1.6. Per questa Corte, a sezioni unite, la procedura di accertamento tributario standardizzato mediante l’applicazione dei parametri o degli studi di settore costituisce un sistema di presunzioni semplici, la cui gravità, precisione e concordanza non è “ex lege” determinata dallo scostamento del reddito dichiarato rispetto agli “standards” in sé considerati – meri strumenti di ricostruzione per elaborazione statistica della normale redditività – ma nasce solo in esito al contraddittorio da attivare obbligatoriamente, pena la nullità dell’accertamento, con il contribuente. In tale sede, quest’ultimo ha l’onere di provare, senza limitazione alcuna di mezzi e di contenuto, la sussistenza di condizioni che giustificano l’esclusione dell’impresa dall’area dei soggetti cui possono essere applicati gli “standards” o la specifica realtà dell’attività economica nel periodo di tempo in esame, mentre la motivazione dell’atto di accertamento non può esaurirsi nel rilievo dello scostamento, ma deve essere integrata con la dimostrazione dell’applicabilità in concreto dello “standard” prescelto e con le ragioni per le quali sono state disattese le contestazioni sollevate dal contribuente. L’esito del contraddittorio, tuttavia, non condiziona l’impugnabilità dell’accertamento, potendo il giudice tributario liberamente valutare tanto l’applicabilità degli “standards” al caso concreto, da dimostrarsi dall’ente impositore, quanto la controprova offerta dal contribuente che, al riguardo, non è vincolato alle eccezioni sollevate nella fase del procedimento amministrativo e dispone della più ampia facoltà, incluso il ricorso a presunzioni semplici, anche se non abbia risposto all’invito al contraddittorio in sede amministrativa, restando inerte. In tal caso, però, egli assume le conseguenze di questo suo comportamento, in quanto l’Ufficio può motivare l’accertamento sulla sola base dell’applicazione degli “standards”, dando conto dell’impossibilità di costituire il contraddittorio con il contribuente, nonostante il rituale invito, ed il giudice può valutare, nel quadro probatorio, la mancata risposta all’invito (Cass., sez.un., 18 dicembre 2009, n. 26635).
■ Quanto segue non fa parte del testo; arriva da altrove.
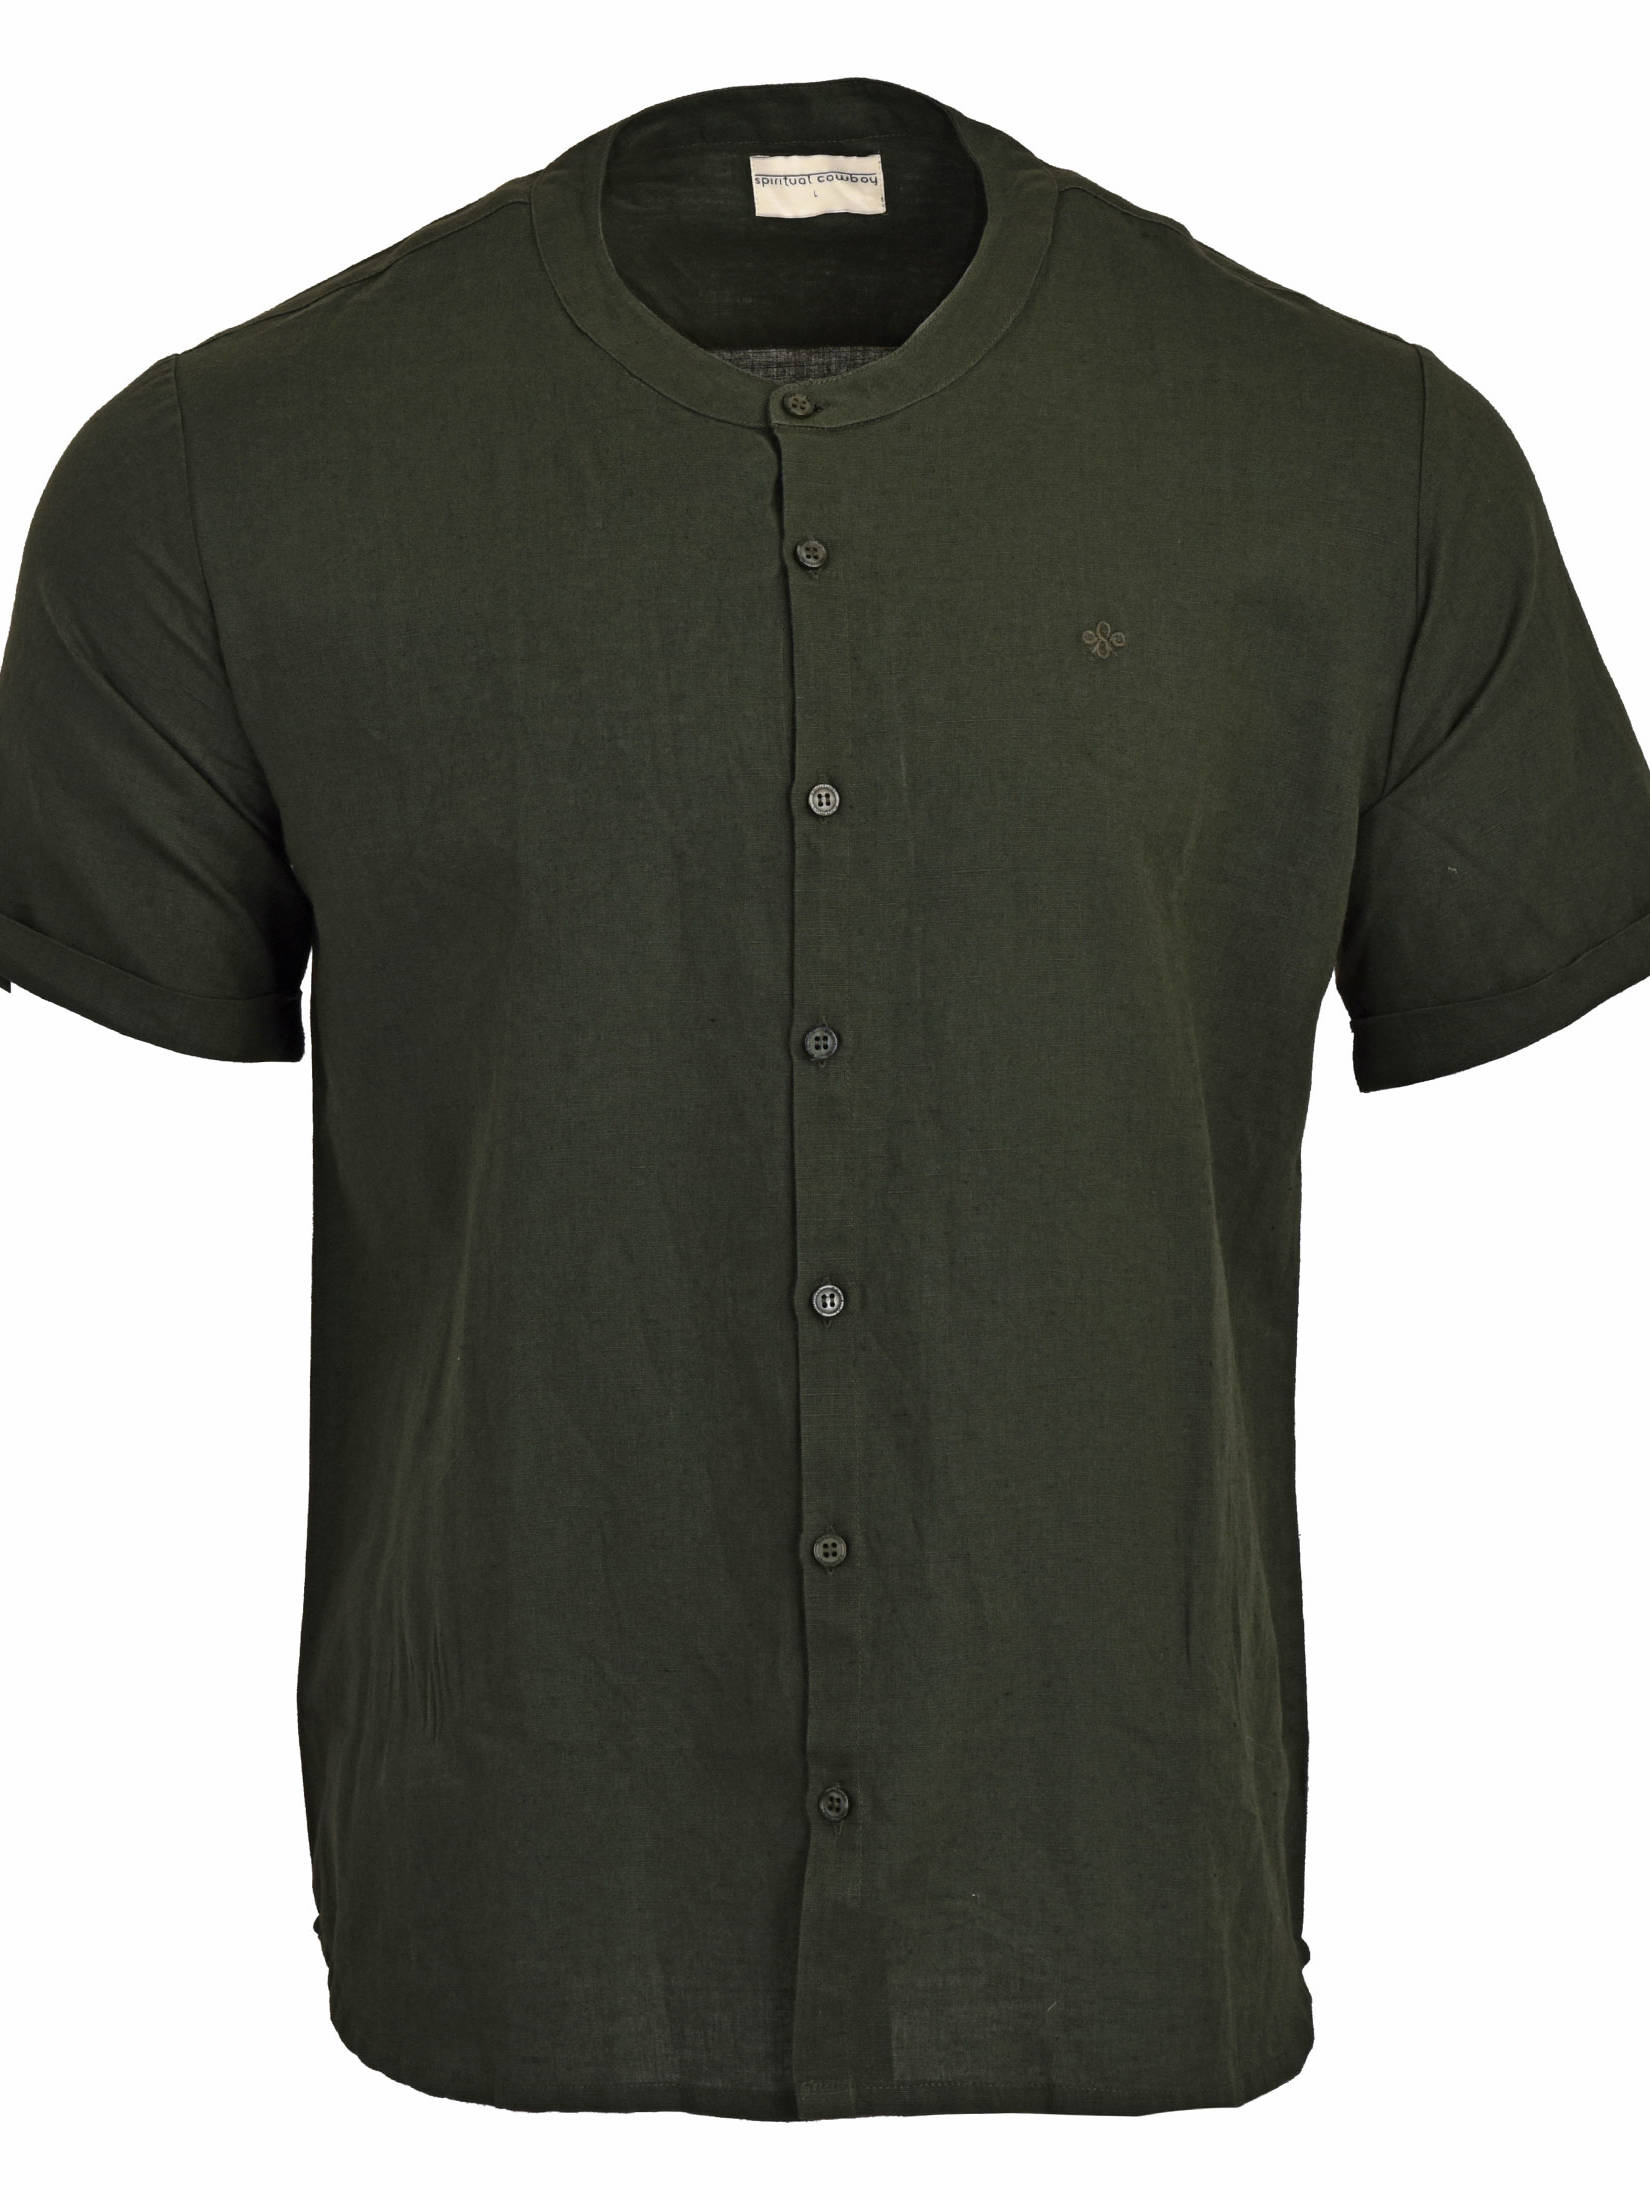 Madero Linen Shirt Short Sleeve Forest Green Front View

1.7. Pertanto, poiché l’accertamento non è fondato in via esclusiva sugli studi di settore, non era necessario alcun contraddittorio preventivo con la contribuente.
3. La sentenza impugnata deve, quindi, essere cassata con rinvio alla Commissione tributaria regionale della Campania, sezione distaccata di Salerno, in diversa composizione, che provvederà anche sulle spese del giudizio di legittimità.
P.Q.M.
Accoglie il ricorso; cassa la sentenza impugnata, con rinvio alla Commissione tributaria regionale della Campania, sezione distaccata di Salerno, in diversa composizione, cui demanda di provvedere anche sulle spese del giudizio di legittimità.